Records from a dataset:
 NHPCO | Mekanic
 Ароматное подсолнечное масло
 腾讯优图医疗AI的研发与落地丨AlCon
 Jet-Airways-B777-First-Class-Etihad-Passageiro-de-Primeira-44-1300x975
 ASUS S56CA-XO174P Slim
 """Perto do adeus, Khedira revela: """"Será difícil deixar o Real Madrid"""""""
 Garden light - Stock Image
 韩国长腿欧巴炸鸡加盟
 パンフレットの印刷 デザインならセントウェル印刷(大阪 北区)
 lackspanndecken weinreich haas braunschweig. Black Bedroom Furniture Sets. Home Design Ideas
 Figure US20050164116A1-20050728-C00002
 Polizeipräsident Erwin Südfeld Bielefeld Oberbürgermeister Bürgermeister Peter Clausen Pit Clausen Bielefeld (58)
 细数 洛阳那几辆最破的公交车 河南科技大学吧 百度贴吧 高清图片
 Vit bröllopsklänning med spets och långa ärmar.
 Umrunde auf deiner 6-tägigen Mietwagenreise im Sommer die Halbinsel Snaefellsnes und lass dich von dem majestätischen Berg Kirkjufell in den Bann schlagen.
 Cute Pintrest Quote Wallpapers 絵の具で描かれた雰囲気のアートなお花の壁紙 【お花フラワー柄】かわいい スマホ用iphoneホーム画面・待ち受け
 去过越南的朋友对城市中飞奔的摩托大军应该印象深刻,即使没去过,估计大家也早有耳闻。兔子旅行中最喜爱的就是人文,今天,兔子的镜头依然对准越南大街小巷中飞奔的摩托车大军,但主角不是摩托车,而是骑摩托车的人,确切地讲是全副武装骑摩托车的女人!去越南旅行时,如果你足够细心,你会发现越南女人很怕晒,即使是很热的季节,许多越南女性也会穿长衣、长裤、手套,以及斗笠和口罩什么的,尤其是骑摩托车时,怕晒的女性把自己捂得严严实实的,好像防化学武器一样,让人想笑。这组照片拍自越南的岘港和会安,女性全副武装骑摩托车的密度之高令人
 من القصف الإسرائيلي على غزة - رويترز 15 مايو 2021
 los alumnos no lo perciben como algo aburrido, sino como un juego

WHAT IS REQUIRED: Repeat every line of the data, exactly and in full.

OUTPUT:
 NHPCO | Mekanic
 Ароматное подсолнечное масло
 腾讯优图医疗AI的研发与落地丨AlCon
 Jet-Airways-B777-First-Class-Etihad-Passageiro-de-Primeira-44-1300x975
 ASUS S56CA-XO174P Slim
 """Perto do adeus, Khedira revela: """"Será difícil deixar o Real Madrid"""""""
 Garden light - Stock Image
 韩国长腿欧巴炸鸡加盟
 パンフレットの印刷 デザインならセントウェル印刷(大阪 北区)
 lackspanndecken weinreich haas braunschweig. Black Bedroom Furniture Sets. Home Design Ideas
 Figure US20050164116A1-20050728-C00002
 Polizeipräsident Erwin Südfeld Bielefeld Oberbürgermeister Bürgermeister Peter Clausen Pit Clausen Bielefeld (58)
 细数 洛阳那几辆最破的公交车 河南科技大学吧 百度贴吧 高清图片
 Vit bröllopsklänning med spets och långa ärmar.
 Umrunde auf deiner 6-tägigen Mietwagenreise im Sommer die Halbinsel Snaefellsnes und lass dich von dem majestätischen Berg Kirkjufell in den Bann schlagen.
 Cute Pintrest Quote Wallpapers 絵の具で描かれた雰囲気のアートなお花の壁紙 【お花フラワー柄】かわいい スマホ用iphoneホーム画面・待ち受け
 去过越南的朋友对城市中飞奔的摩托大军应该印象深刻,即使没去过,估计大家也早有耳闻。兔子旅行中最喜爱的就是人文,今天,兔子的镜头依然对准越南大街小巷中飞奔的摩托车大军,但主角不是摩托车,而是骑摩托车的人,确切地讲是全副武装骑摩托车的女人!去越南旅行时,如果你足够细心,你会发现越南女人很怕晒,即使是很热的季节,许多越南女性也会穿长衣、长裤、手套,以及斗笠和口罩什么的,尤其是骑摩托车时,怕晒的女性把自己捂得严严实实的,好像防化学武器一样,让人想笑。这组照片拍自越南的岘港和会安,女性全副武装骑摩托车的密度之高令人
 من القصف الإسرائيلي على غزة - رويترز 15 مايو 2021
 los alumnos no lo perciben como algo aburrido, sino como un juego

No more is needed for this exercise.